March 02, 2012

Mental illnesses are bipartisan, pervasive and have profound consequences for people’s lives. In the course of a year, about one in four people has a diagnosable mental illness every year. Almost everyone’s life has been touched in some way by mental illness. The face of mental illness is not the face of some stranger. It is the face of our neighbors and coworkers, our friends and family and sometimes us.

The good news is that the rates of improvement for serious mental illness like major depression and bipolar disorder are as good as if not better than those for chronic physical diseases like heart disease and diabetes. These rates of improvement are predicated on the person getting the right treatment when they need it. The bad news is that notwithstanding the existence of effective treatments and services and the real opportunities for recovery, 80 percent of Americans with mental illnesses do not seek or find the help that they need.
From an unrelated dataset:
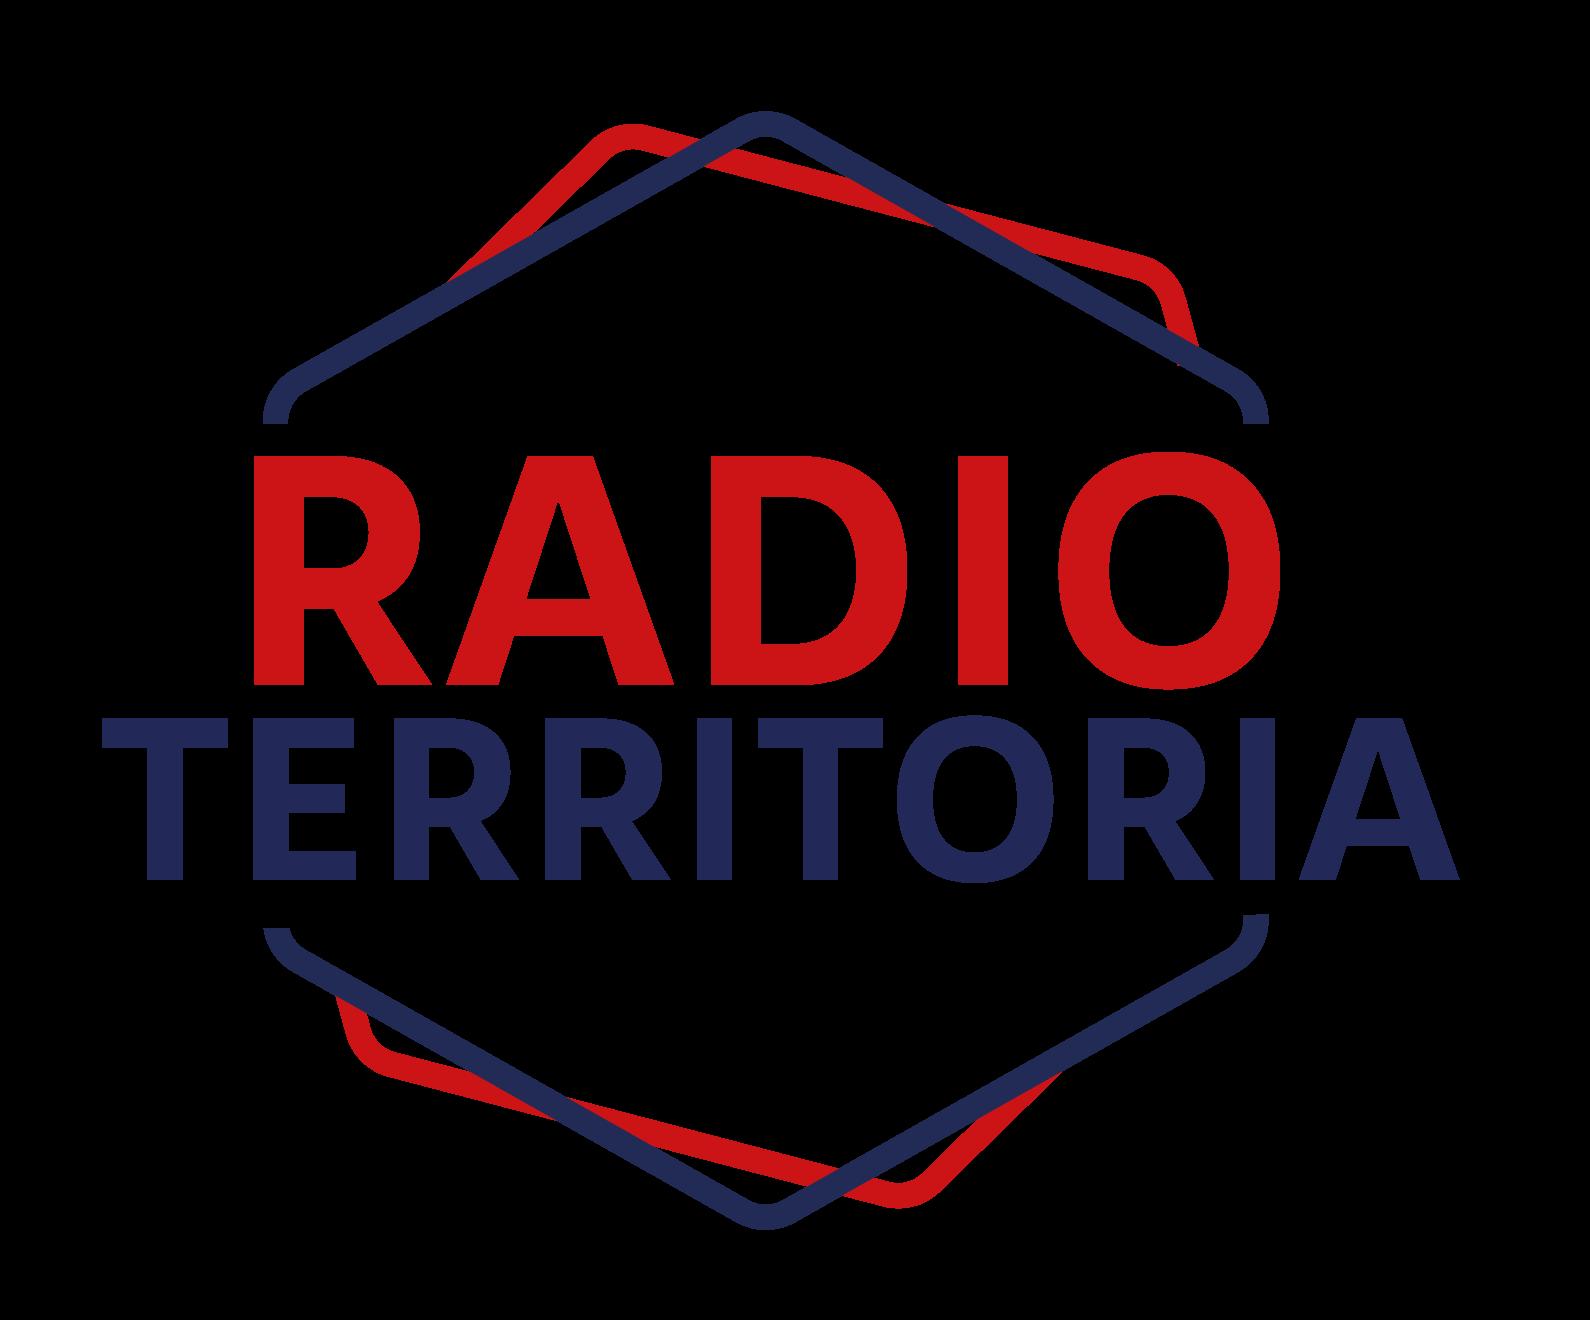 logo : Radio Territoria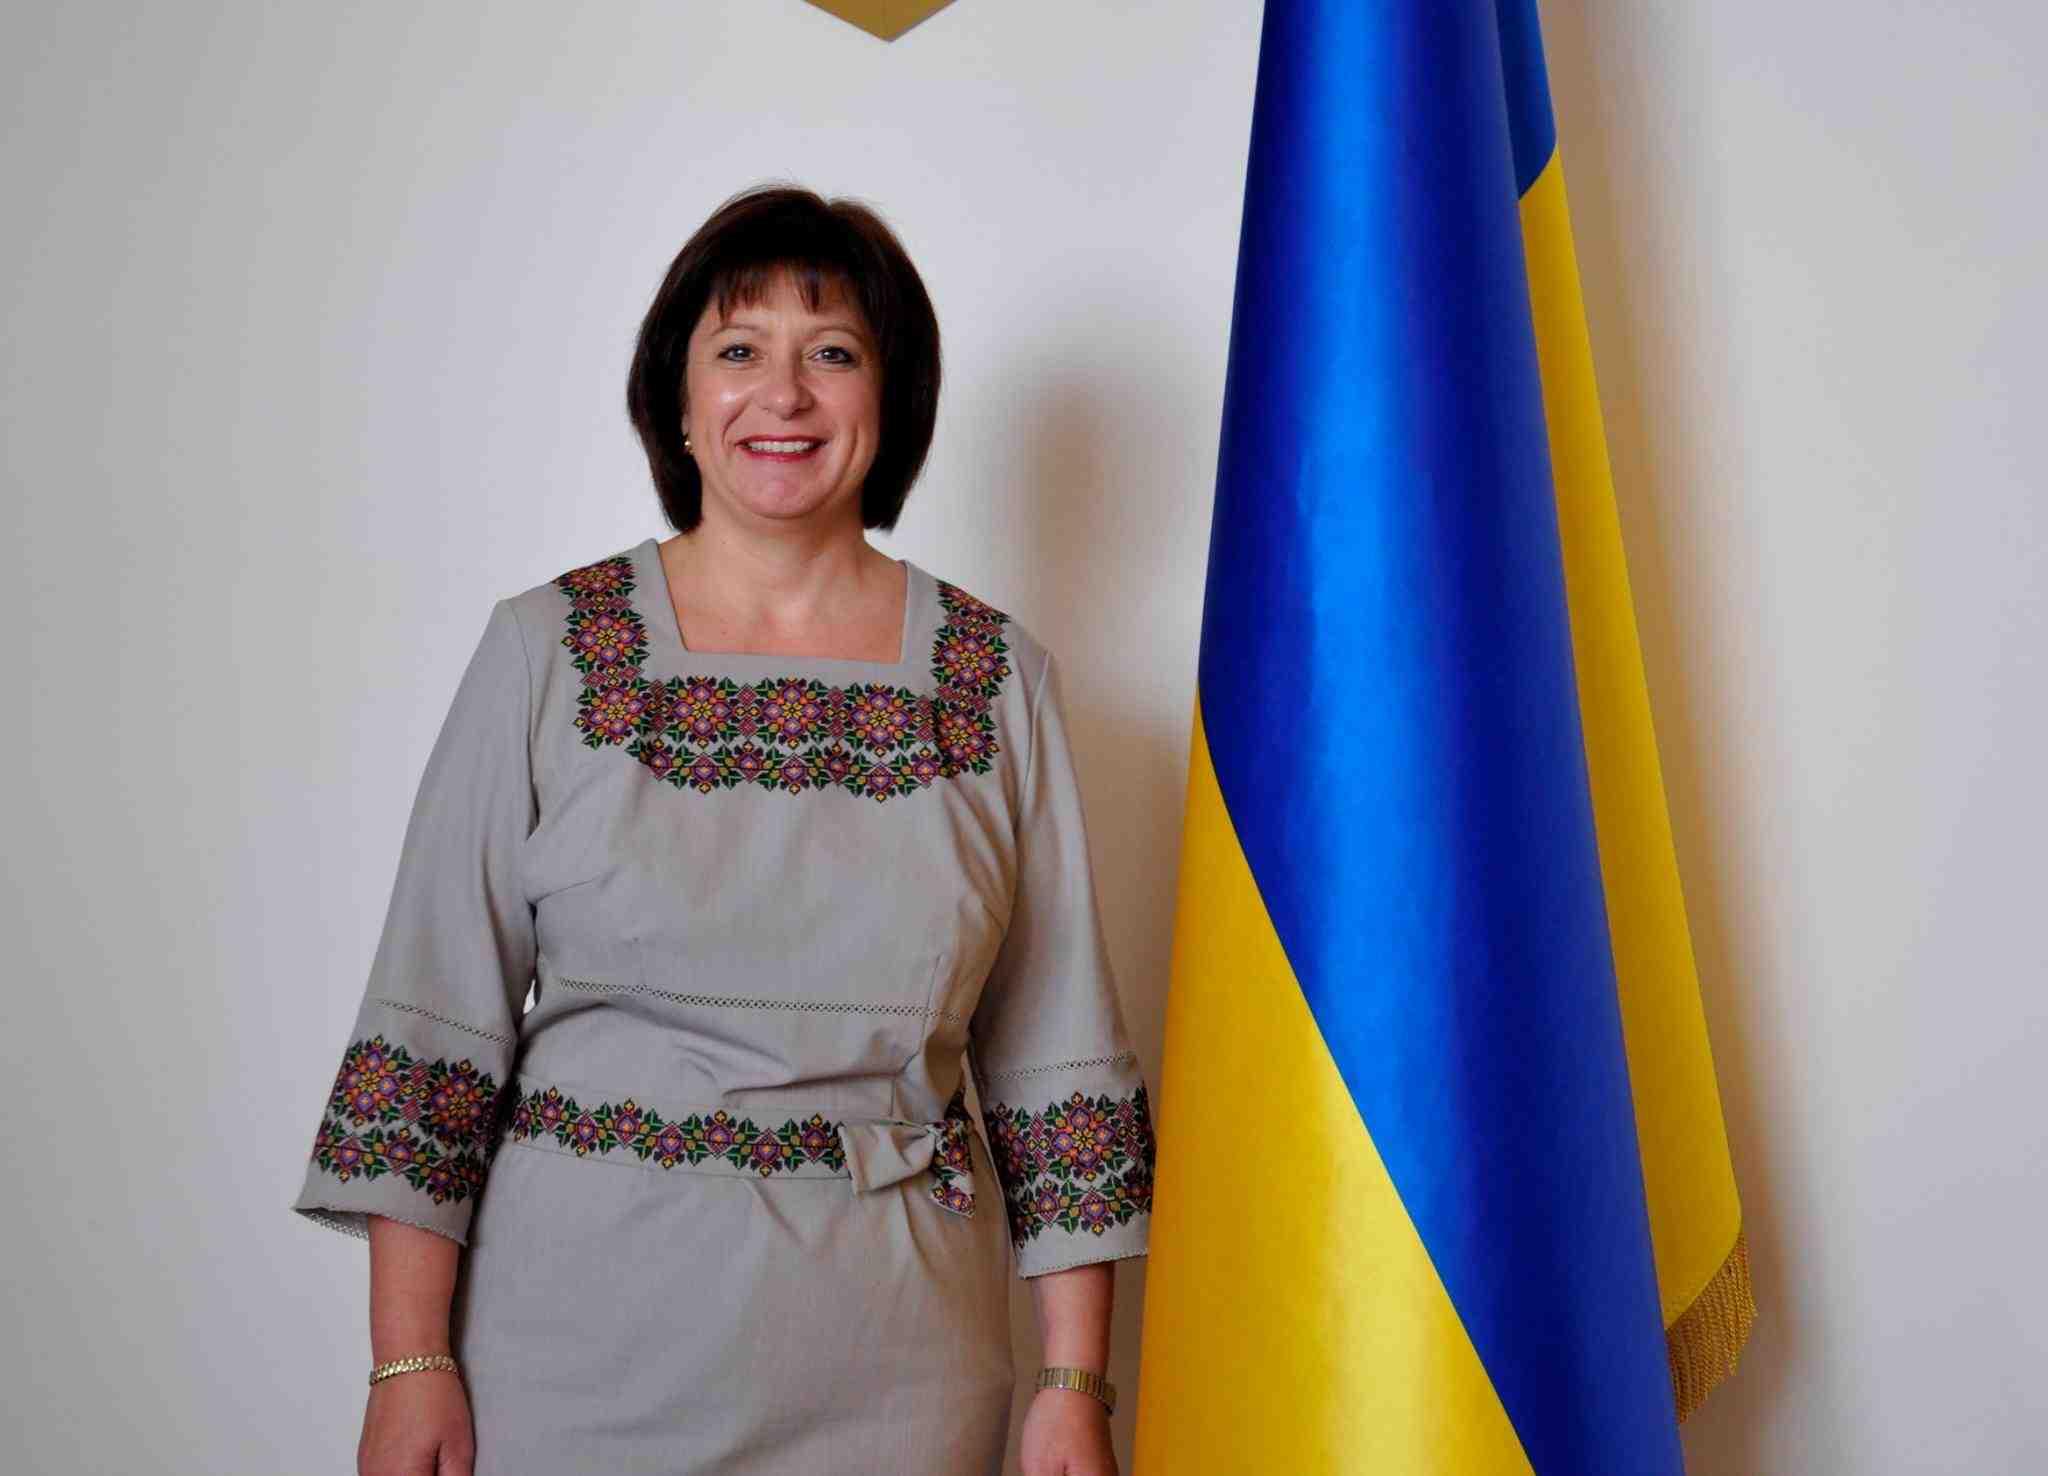 Экс-министр финансов Украины Наталья Яресько займется развалом экономики Пуэрто-Рико

It is well documented that mental health care in this country is broken. The system that confronts families seeking care is too often fragmented, unorganized, and despite the best efforts by many, uneven at best in its quality. Too often what passes for the system of care sentences people to lifelong disability, the risk of premature death, and creates an impoverished underclass through poverty, crisis-focused care, treatment that relies primarily on medication, and the lack of supports in the community.

Every day people contact NAMI seeking advice on how to access mental health services. People face difficulty finding inpatient and outpatient services, supportive housing, job supports, in-home supports, affordable health insurance, family support, medication, peer-directed and self- help programs and more. The time is now during these times of dramatic change in our health care systems to push back against this discrimination and injustice and create a community care system that emphasizes early intervention and is flexible, accessible and integrated at all levels. None of these changes require additional study. It simply requires political and social will.

As we approach Super Tuesday in the Republican Primaries we are reminded that health care is an important but contentious issue. However, the potential ramifications for individuals living with mental illness have not been discussed. We must remind the candidates that funding mental health services means funding America’s future.